WHAT YOU NEED TO DO: In your reply, print every line of the listing exactly and omit all images.

***** SUPPLIED INFORMATION

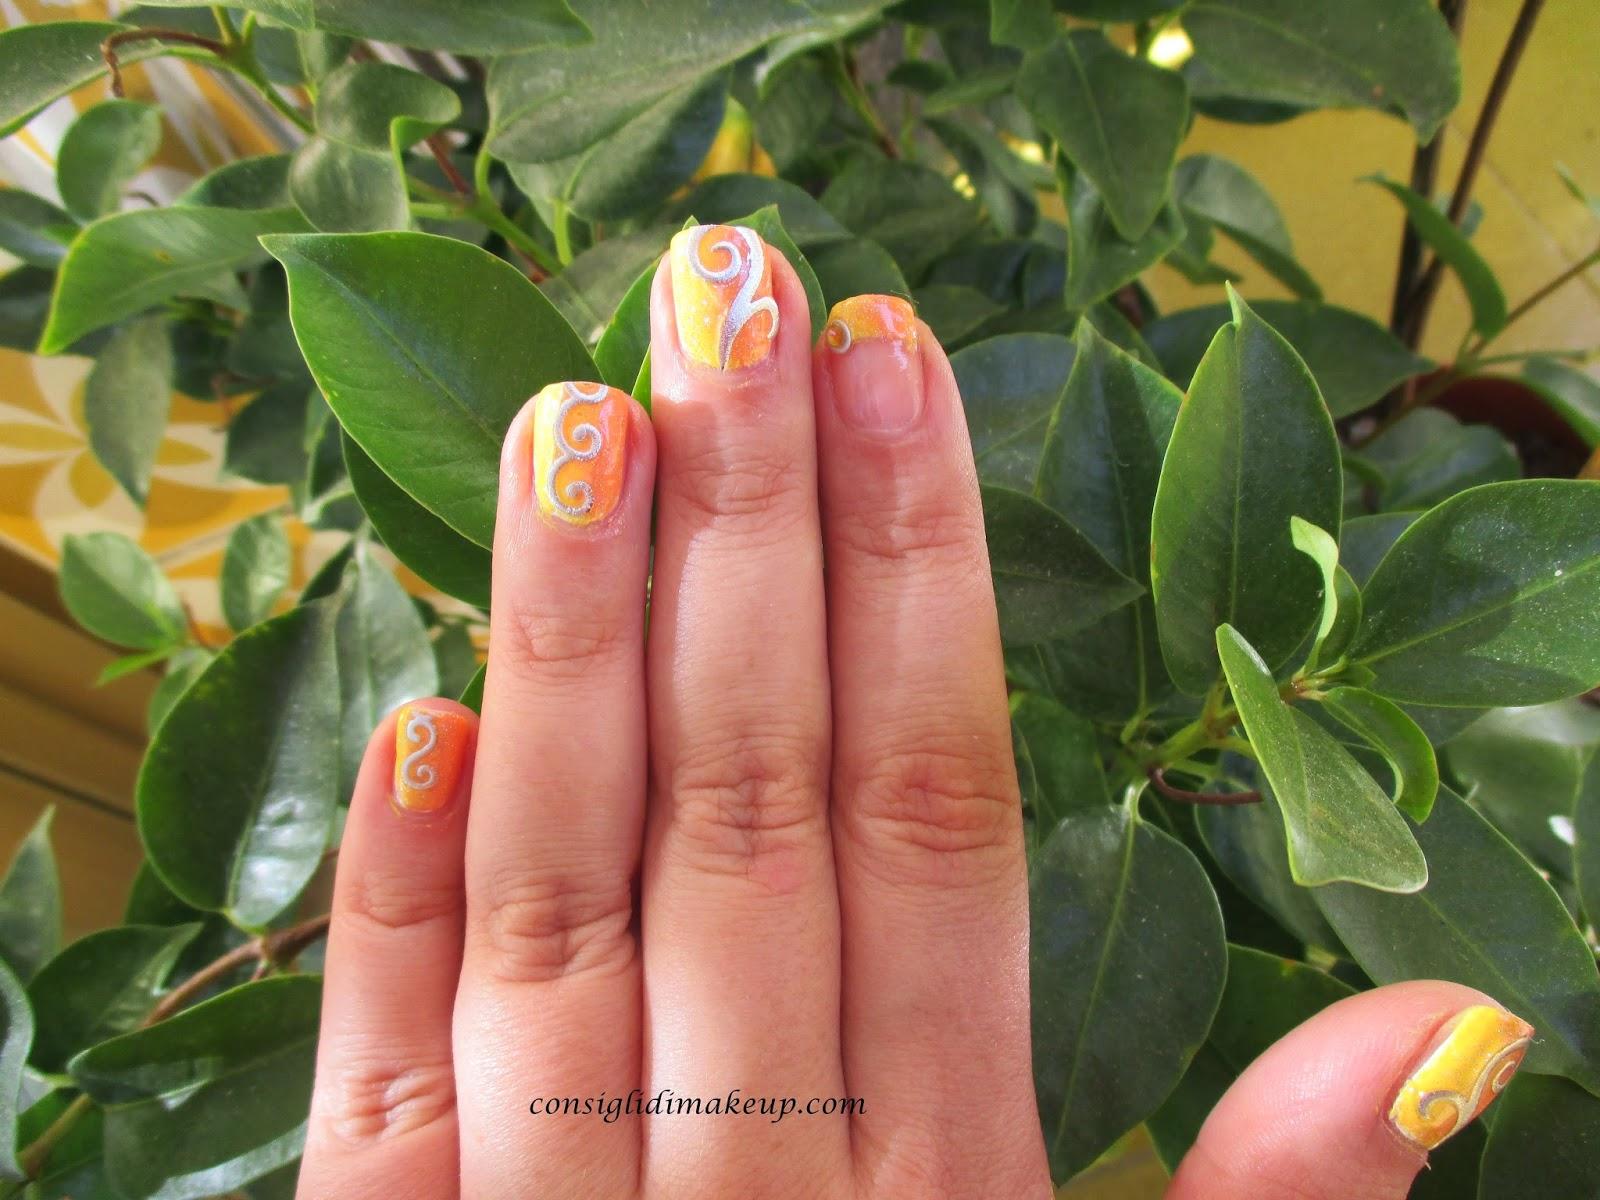 Nail art: shade shade shade
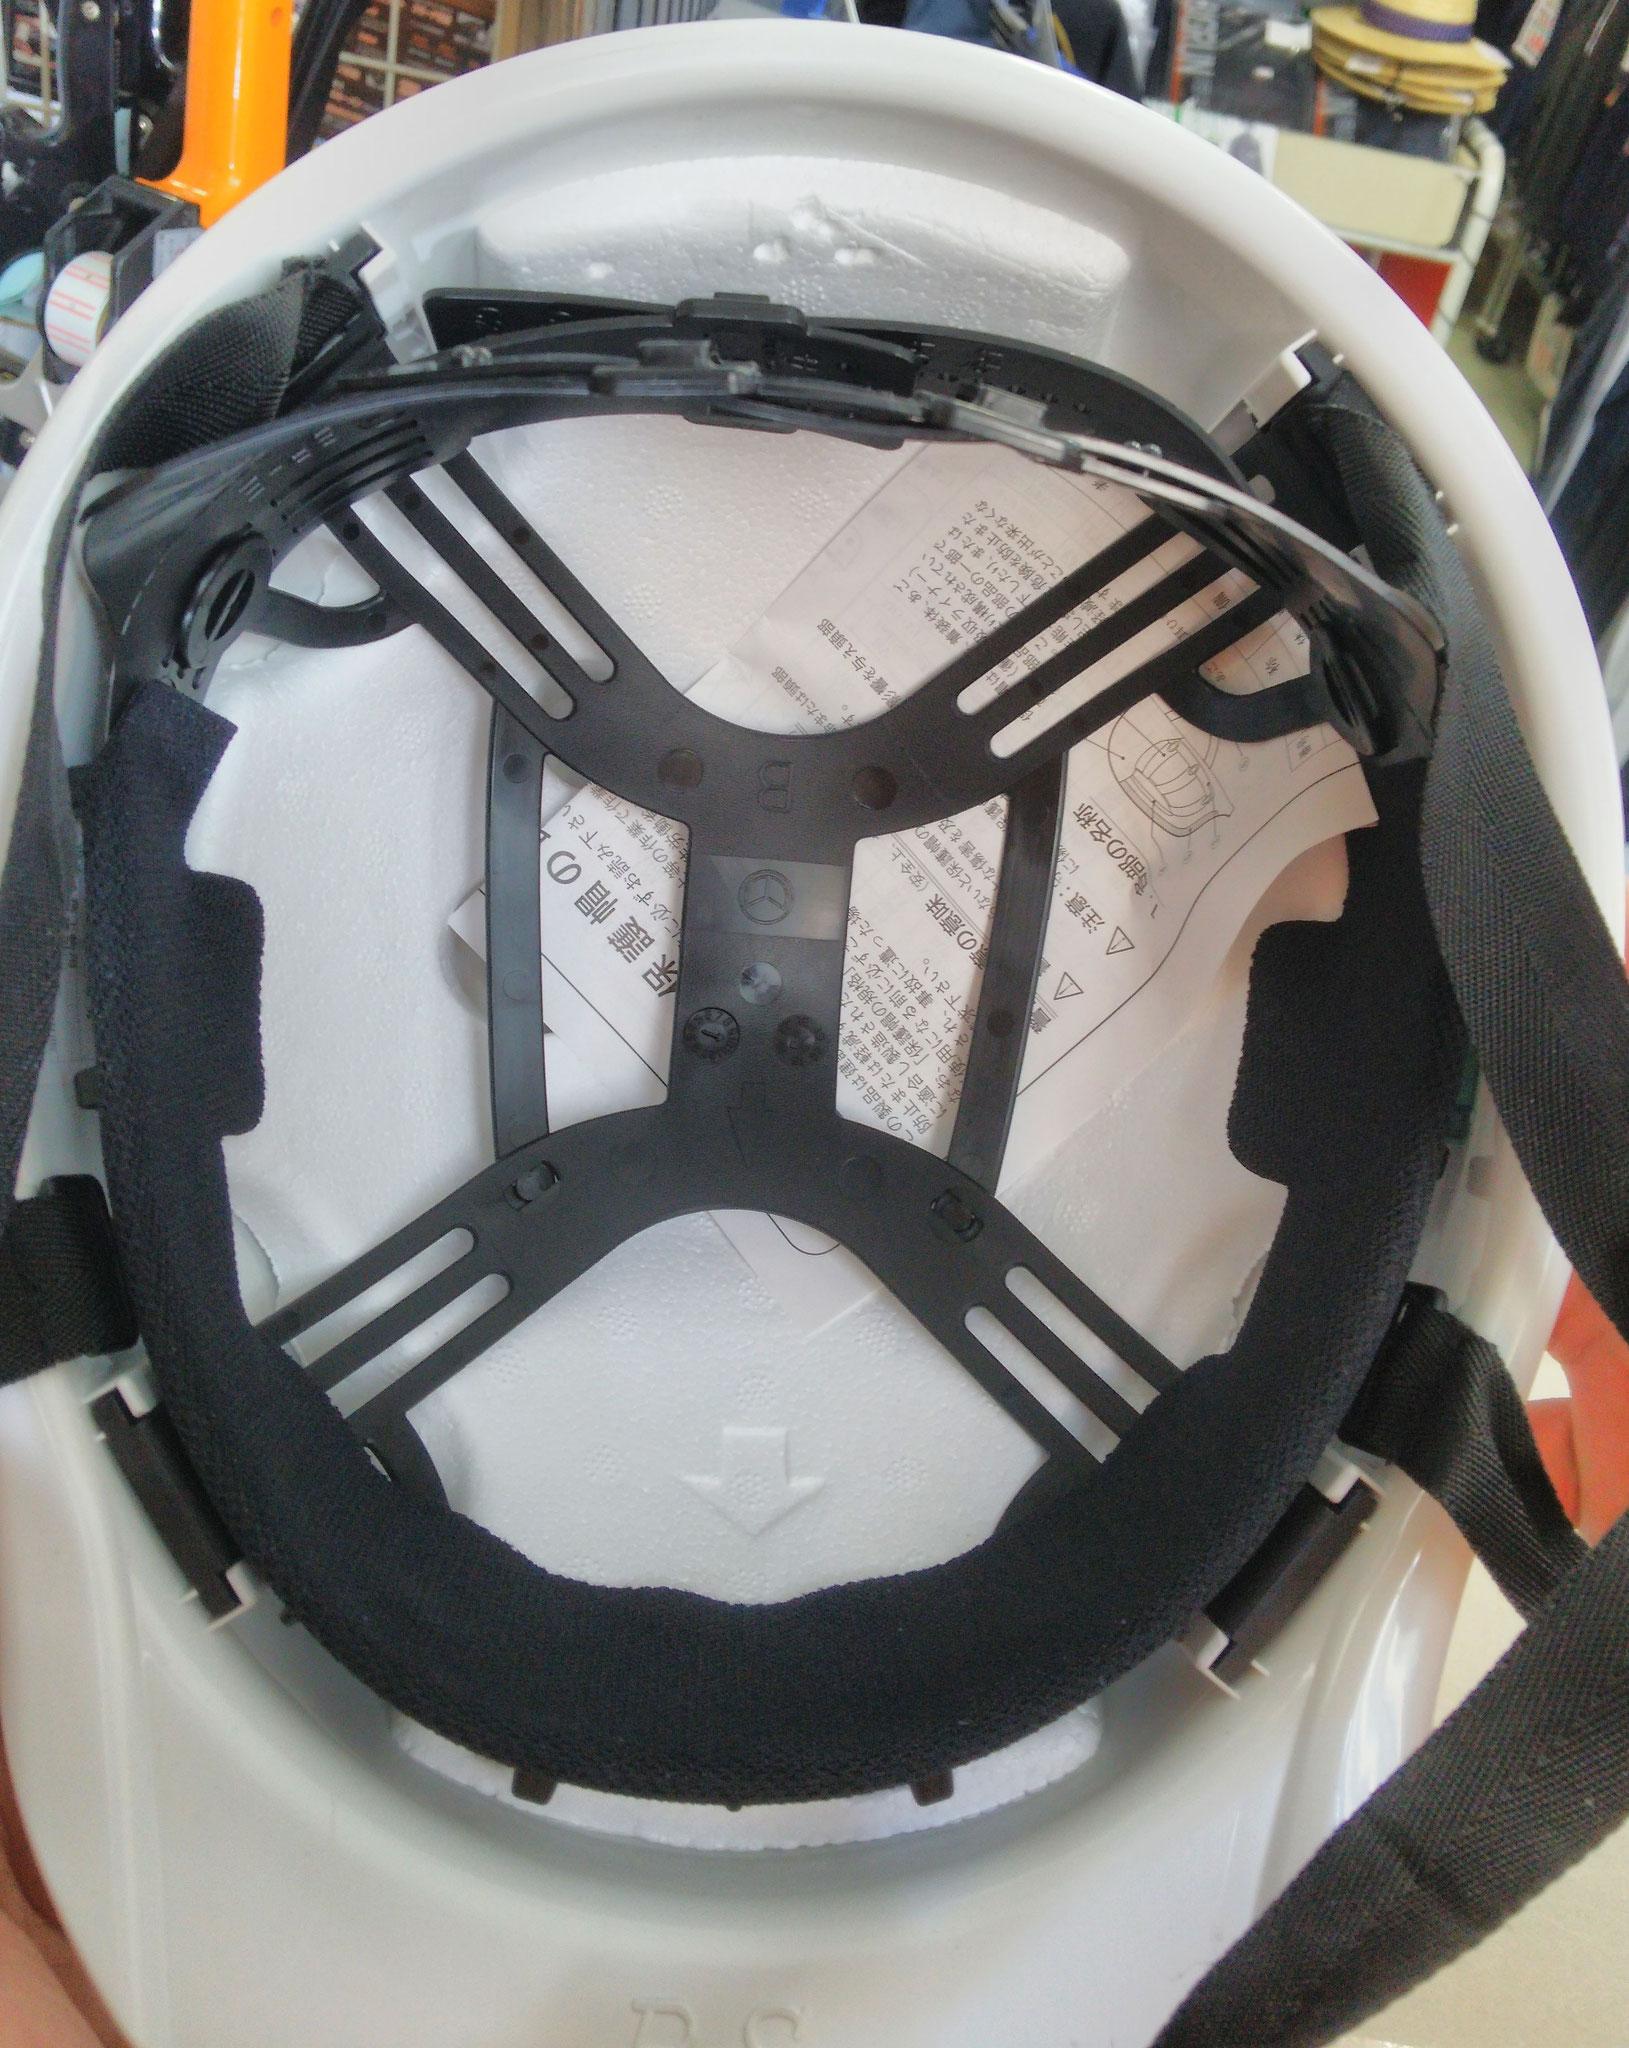 KAGAヘルメット アメリカン型BS-1Pライナー入 内装はシンプルです。
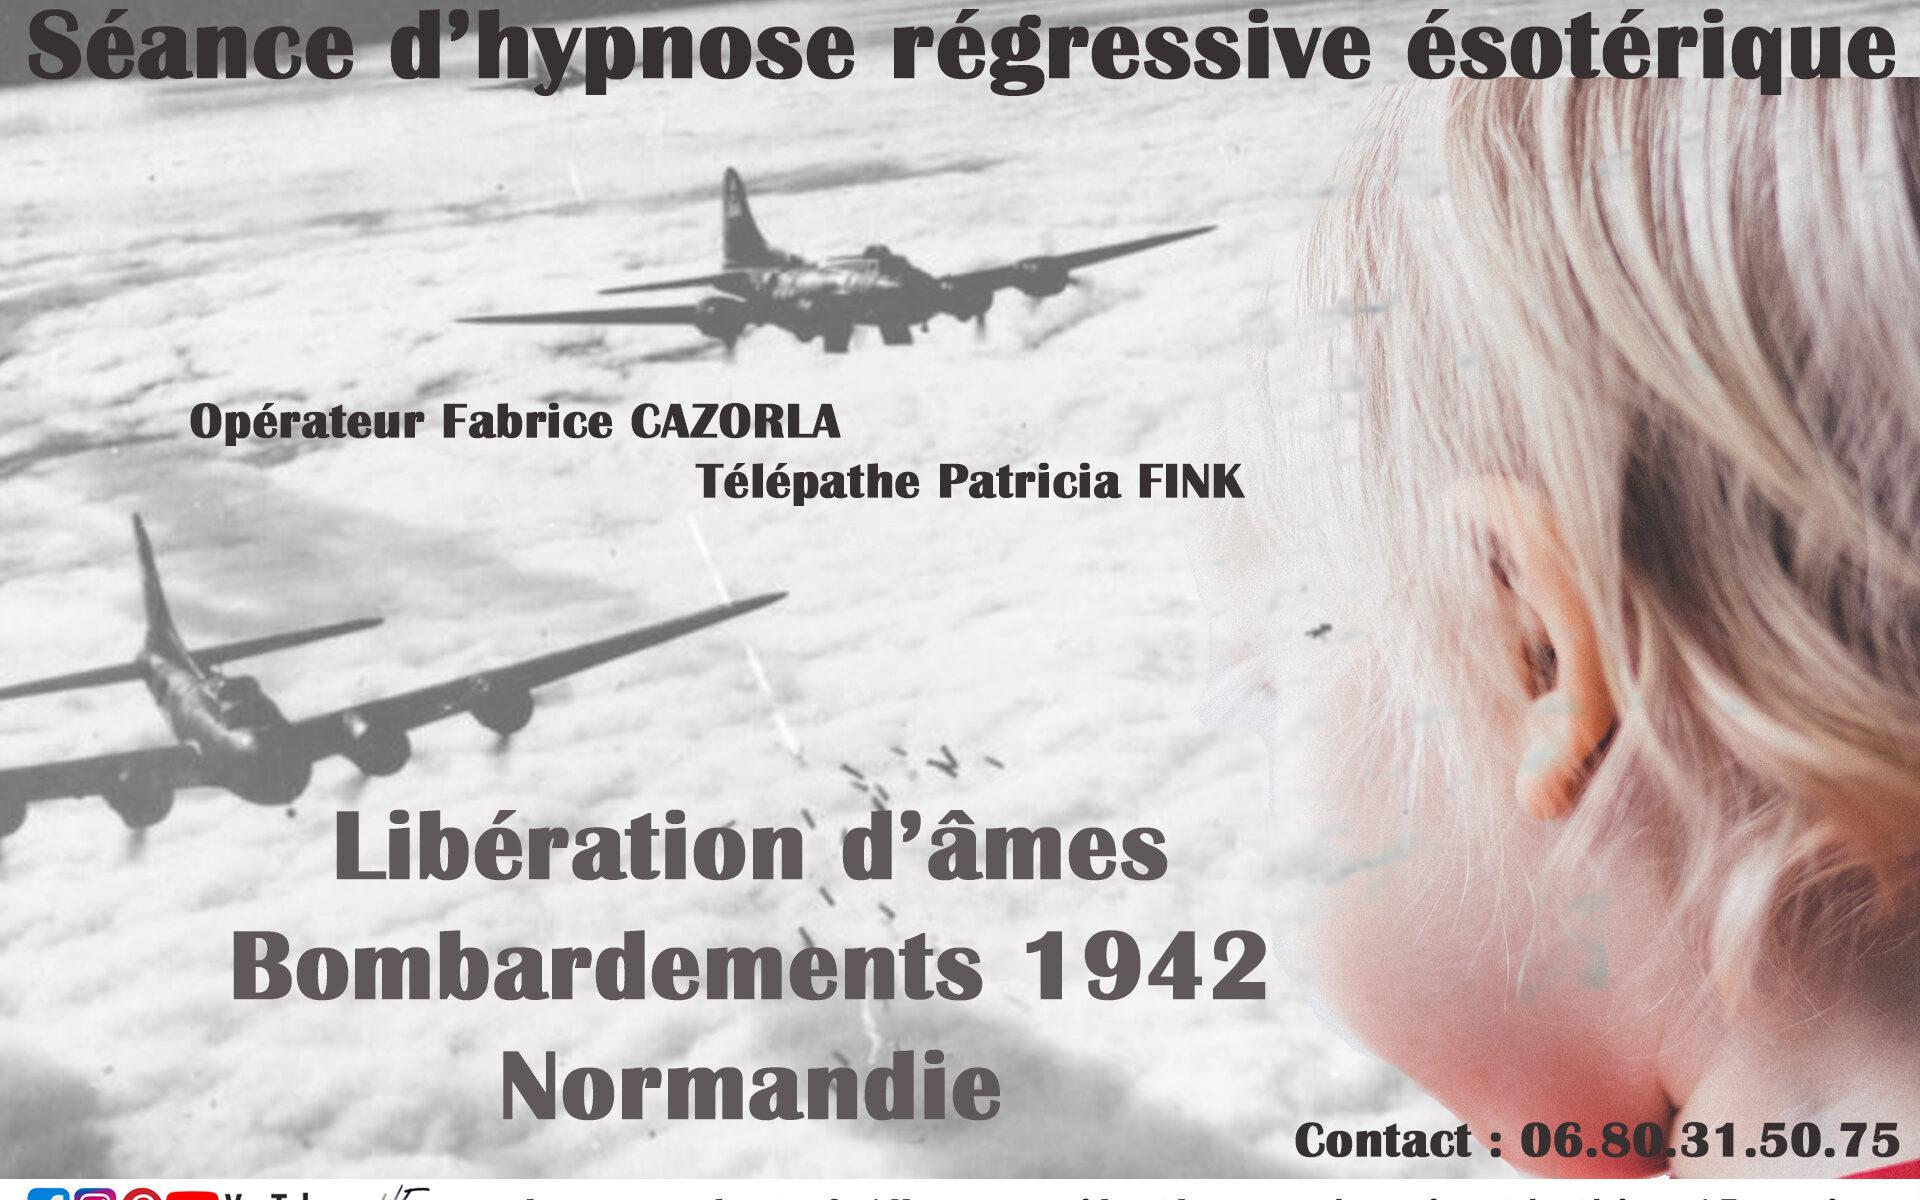 Hypnose régressive : Libération d'âmes bloquées lors du bombardement de 1942 en Normandie par fabrice cazorla

**********

ANSWER:
 Nail art: shade shade shade
 KAGAヘルメット アメリカン型BS-1Pライナー入 内装はシンプルです。
 Hypnose régressive : Libération d'âmes bloquées lors du bombardement de 1942 en Normandie par fabrice cazorla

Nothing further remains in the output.